価格やサービスの改善が競合によって加速しにくい構造は、消費者にとって手放しで喜べる話ではありません。

健康管理型リングとは、そもそも土俵が違う

Oura Ring、Galaxy Ring、RingConnといった健康管理型のスマートリングは、心拍数・血中酸素・皮膚温・睡眠・活動量などを記録できますが、いずれも決済機能を持たず、専用ケースでの充電が必要です。

現状、タッチ決済と健康管理機能を両立したスマートリングは存在せず、両方使いたい場合は2本着ける必要があります。

睡眠スコアを毎朝眺めたい方には、ZCは何も応えてくれません。

逆に、充電作業を人生から消したい方にとって、健康管理型は毎日ケースに戻す手間が発生します。

比較すべきは性能ではなく、自分が何を捨てられるかです。

海外の決済リングは、国内では実用にならない

海外ではRingPayやATHO-RINGといったVisa・Mastercard両対応の決済リングが流通していますが、いずれも日本では利用できなかったと検証されています。連携に必要なアプリが国内で入手できず、統合アプリのCurveも日本でサービスを提供していないためです。

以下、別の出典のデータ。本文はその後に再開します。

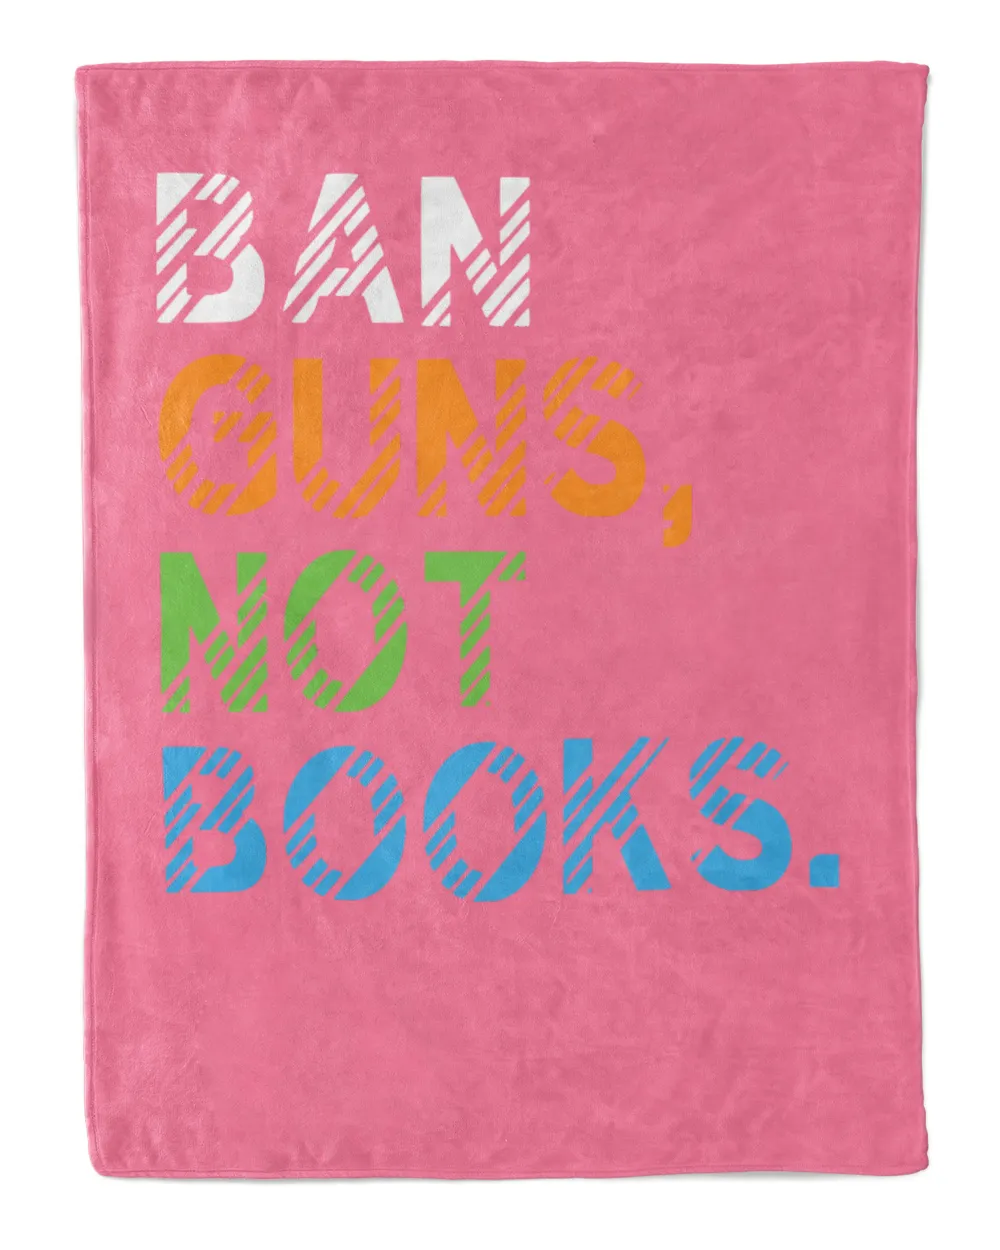 Ban Guns Not Book

Mastercard対応という一点ではEVERINGに勝りますが、使えなければ意味がありません。

国内で暮らす人にとって、この比較の勝敗は明白です。

スマートウォッチという、最も現実的な対抗馬

交通系ICを最優先するなら、答えはリングではありません。

Suica対応スマートリングが登場する気配はなく、交通機関側がVisaやQRコードといった国際的な規格に対応していく流れが見られるため、Suicaにこだわるならスマートウォッチを選ぶべきだと指摘されています。

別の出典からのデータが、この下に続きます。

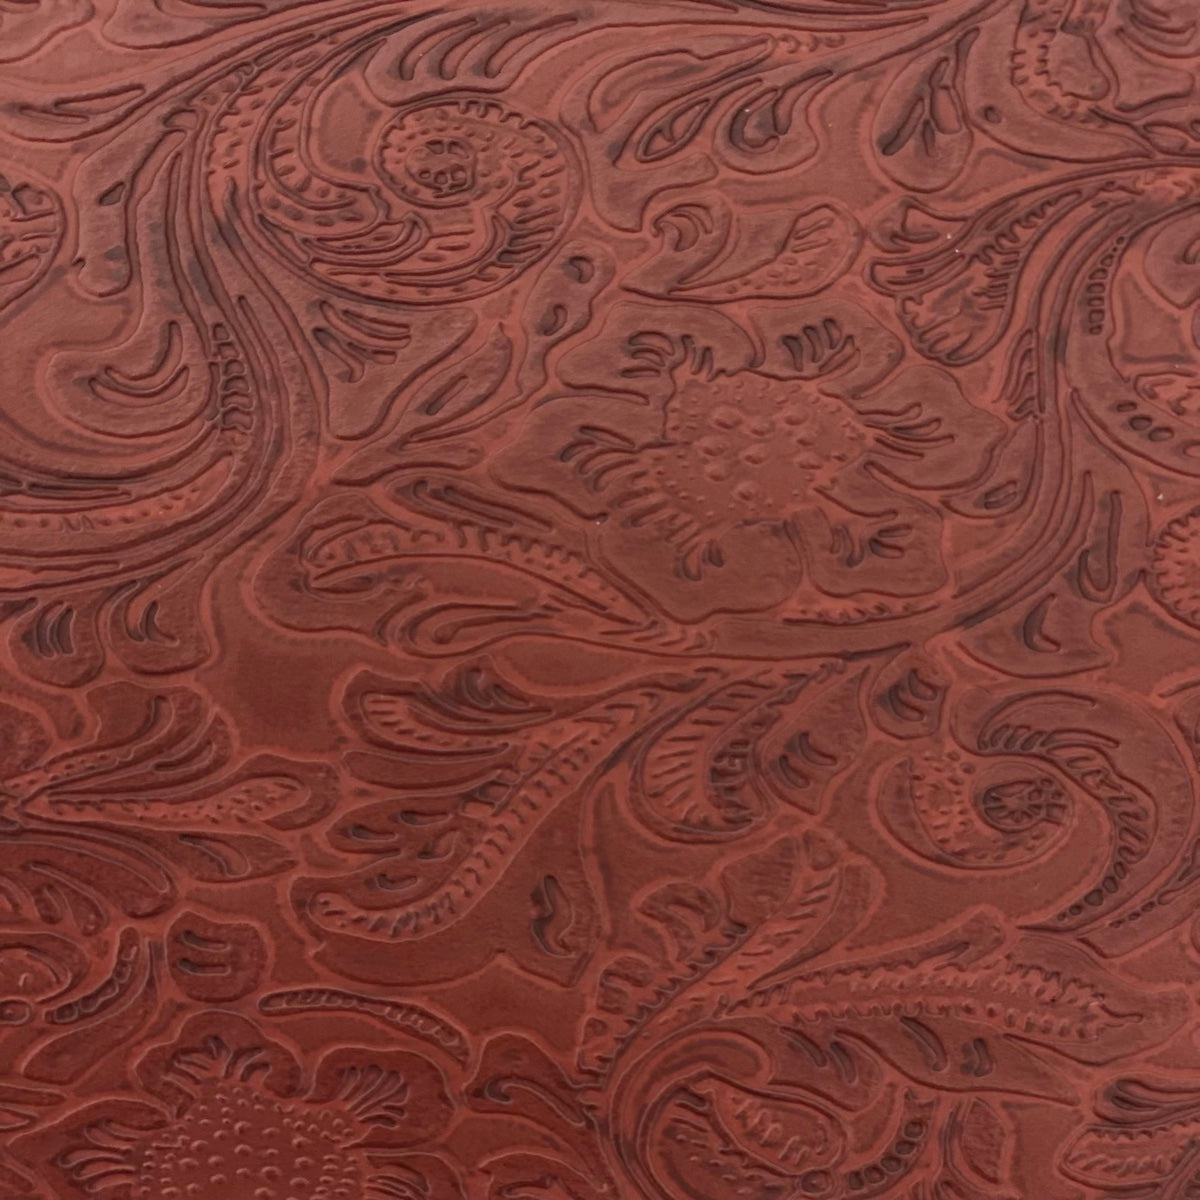 Dark Brown Wood ☆ Pattern Vinyl, Faux Leather

Apple WatchやGalaxy Watchなら、Suicaも各種コード決済も画面操作も可能です。

その代わり、毎日の充電と、就寝時の煩わしさと、腕時計を着ける前提の服装がついてきます。

結論:この指輪が勝つのは「捨てる勇気がある人」の手元だけ

機能の総量で比べれば、ZCはスマートウォッチに完敗します。

健康データではOura Ringに届きません。

それでもZCが選ばれるのは、機能を足すのではなく引いたからです。

充電を捨て、画面を捨て、健康機能を捨てた結果、「着けたことを忘れられる決済手段」という他が真似できない一点が残りました。

引き算の潔さに価値を感じるかどうか。

比較の結論は、そこに尽きます。

まとめ

冒頭で、この指輪の価値を決めるのは1秒ではないと書きました。

その答えは、サイズ・チャージ・有効期限という、まったく地味な3点です。

指に合っていること。

残高が入っていること。

期限内であること。

この3つが揃って初めて、「財布を持たずに家を出る」という体験が現実になります。

キャッシュレス決済が交通機関の改札まで届きはじめた今、支払いは持ち歩くものから、身につけるものへ静かに移りつつあります。

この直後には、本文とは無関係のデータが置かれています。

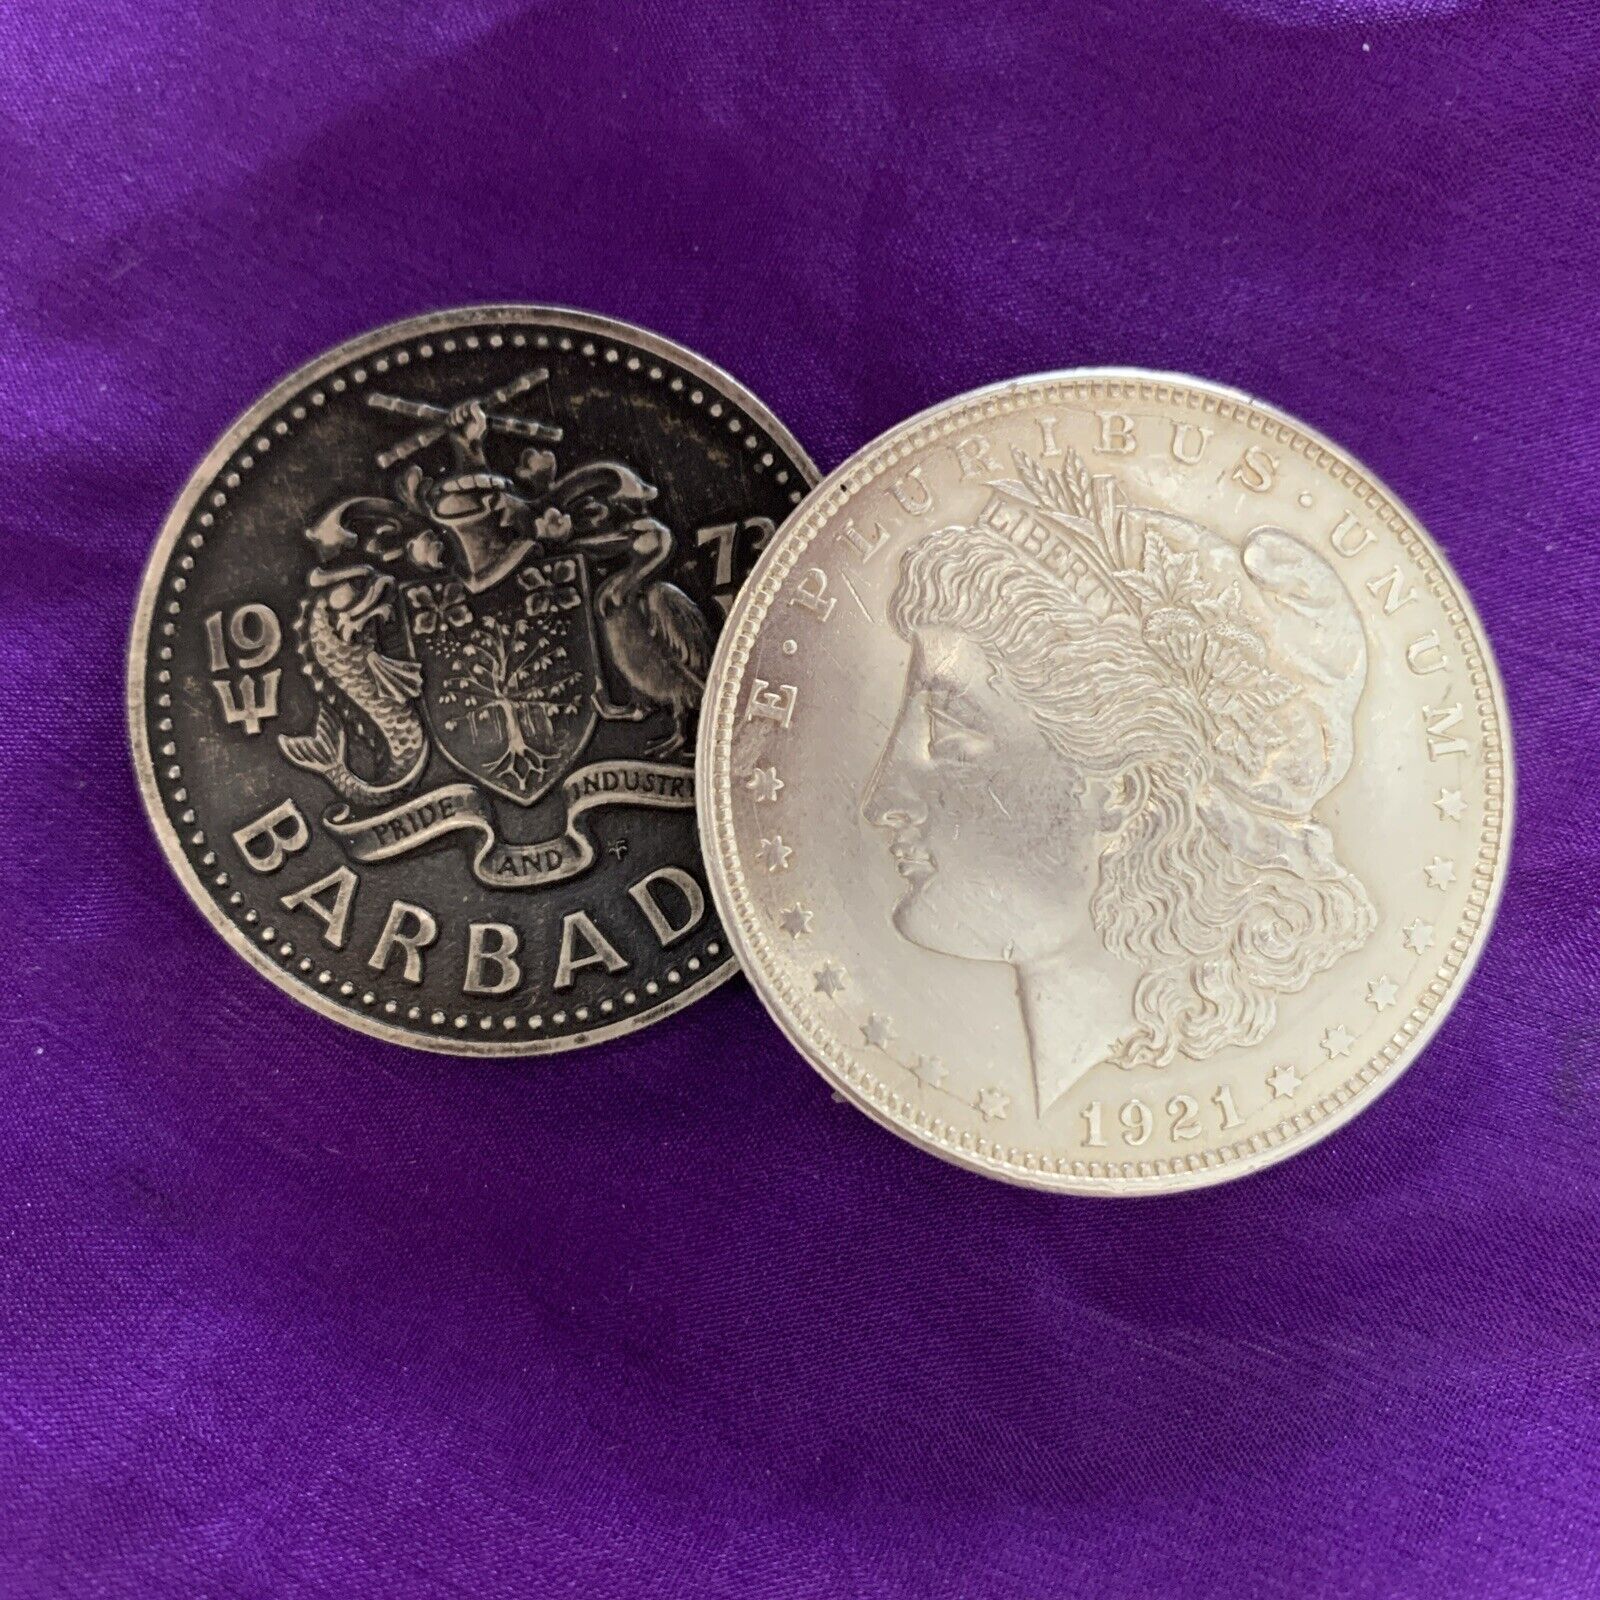 Real Silver Morgan Shim Shell Coin & $2.00 Barbados Coin . Non Expanded .

「EVERING スマートリング ZC」は、その変化の最前線にある、驚くほど無口な道具です。

派手な機能はありません。

けれど、レジの前で何かを探す数秒が消えたとき、人は思ったより深く感動します。

今日からできる小さな一歩として、まずは自分の指のサイズを測ってみてください。

サイザーで正しい一本を知ることが、この指輪と長く付き合うための、いちばん確実な入口になります。